UP551 Coke's Cole Palmer Problem: When the ambassador misses the party
On 22 April 2026, Coca-Cola unveiled Cole Palmer as its newest football brand ambassador, fronting Premier League and World Cup activations. A month later, Tuchel left him out of the England squad. We use the Palmer story as a way into a wider conversation with Ricardo Fort — former global head of sport at Coca-Cola, now advisor to brands betting billions on the World Cup — about how personal endorsement deals really work in 2026.
The anatomy of an endorsement deal. Ricardo breaks down the numbers: $3-8m per year for a top player, rarely a one-year deal, so you're looking at $10m minimum before activation. Add a global campaign on top and you're at $50-60m of media spend that depends on one player turning up.
Where the leverage sits. Spoiler: not with the brand. By the time the contract gets signed, the creative idea has been built around the player, the agency is in love with the film, and the agent knows it. Ricardo on why the awkward "what if you don't make the squad?" conversation rarely happens — and why contracts that should include triggers for injury, non-selection, and tournament performance often don't.
The slow-moving machine. A good World Cup campaign kicks off weeks after the previous one ends. By the time the squad is announced, 90% of the posts, the point-of-sale, the films and the photography are already in the can. Agility in this market is a myth.
The Formula 1 jumpsuit problem.
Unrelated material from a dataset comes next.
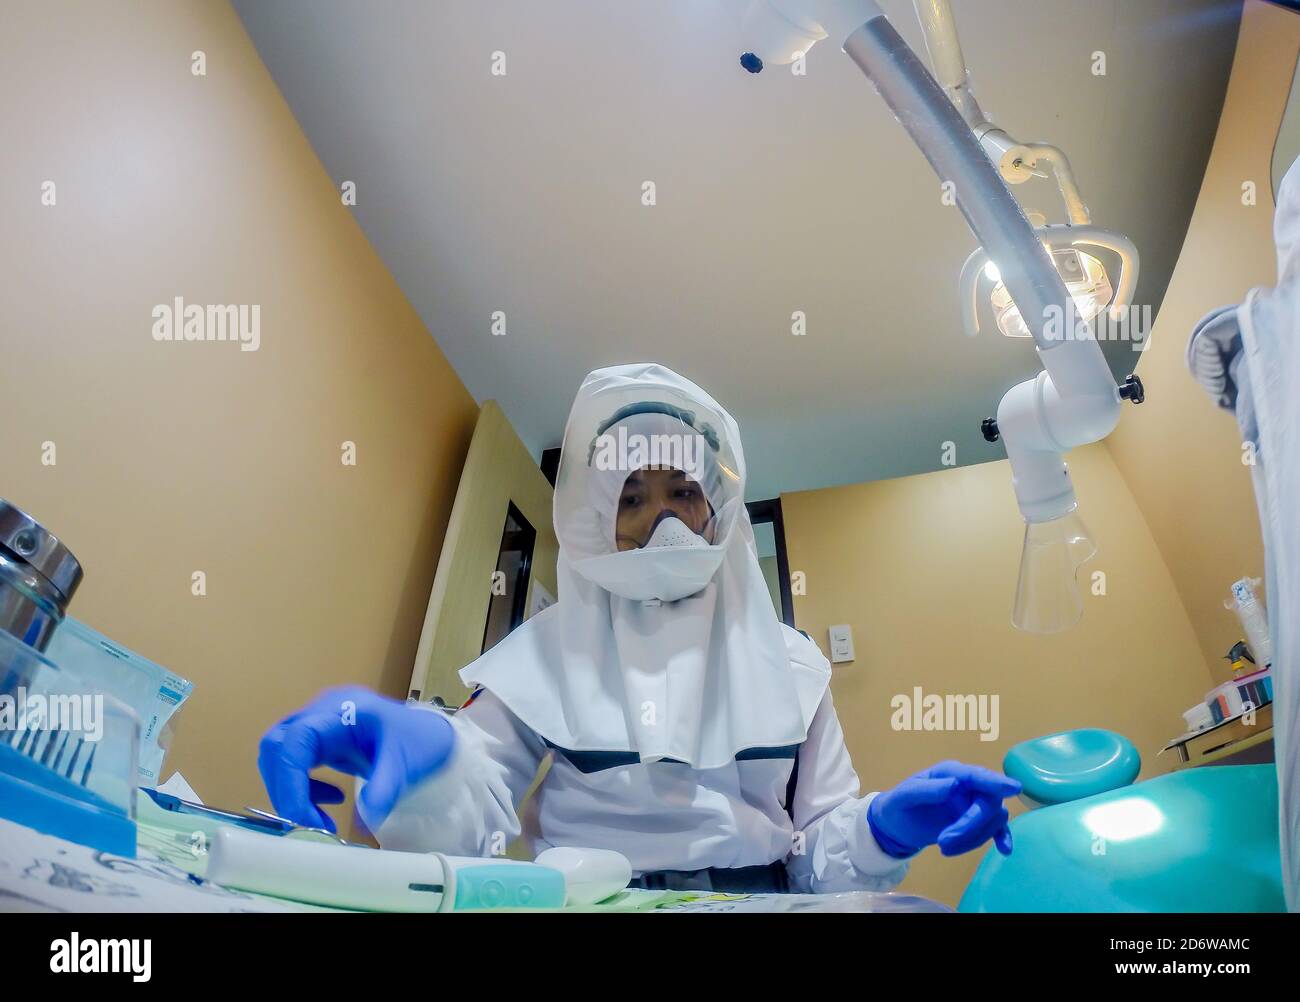 Manila, Philippines. 19th Oct, 2020. Dr. Maureen P. Ines-Manzano, a dentist, prepares her dental equipment while wearing a powered air-purifying respirator (PAPR) suit inside her clinic in Manila, the Philippines, on Oct. 19, 2020. Patients of Dr. Manzano has dubbed her the 'astronaut dentist' because of her resemblance to a spacewoman while wearing her PAPR suit to protect her patients and herself from the COVID-19 disease. Credit: Rouelle Umali/Xinhua/Alamy Live News Stock Photo

When Vinicius Jr. is fronting campaigns for Visa, Marriott Bonvoy, Rexona, LEGO, Nike, Pepsi and Havaianas, who actually owns him? Ricardo on why most brands have no idea how many other sponsors have signed the same face, and why differentiation has become the real game.
Cultural relevance, examined. The phrase everyone in sports marketing reaches for. Ricardo on why it works for Adidas and Nike, why it's largely delusional for everyone else, and why most brands are still asking players to post twice on Instagram and calling it strategy.
Also covered. FIFA as a bulletproof brand. Why the ticketing land-grab doesn't damage it. Hospitality as a business. The 3am problems that keep sponsorship directors awake during a tournament — lost VIP guests, missing teenagers, last-minute Croatian billionaires arriving by private jet. And the medal-ceremony speech Ricardo describes as the lowest point of his career.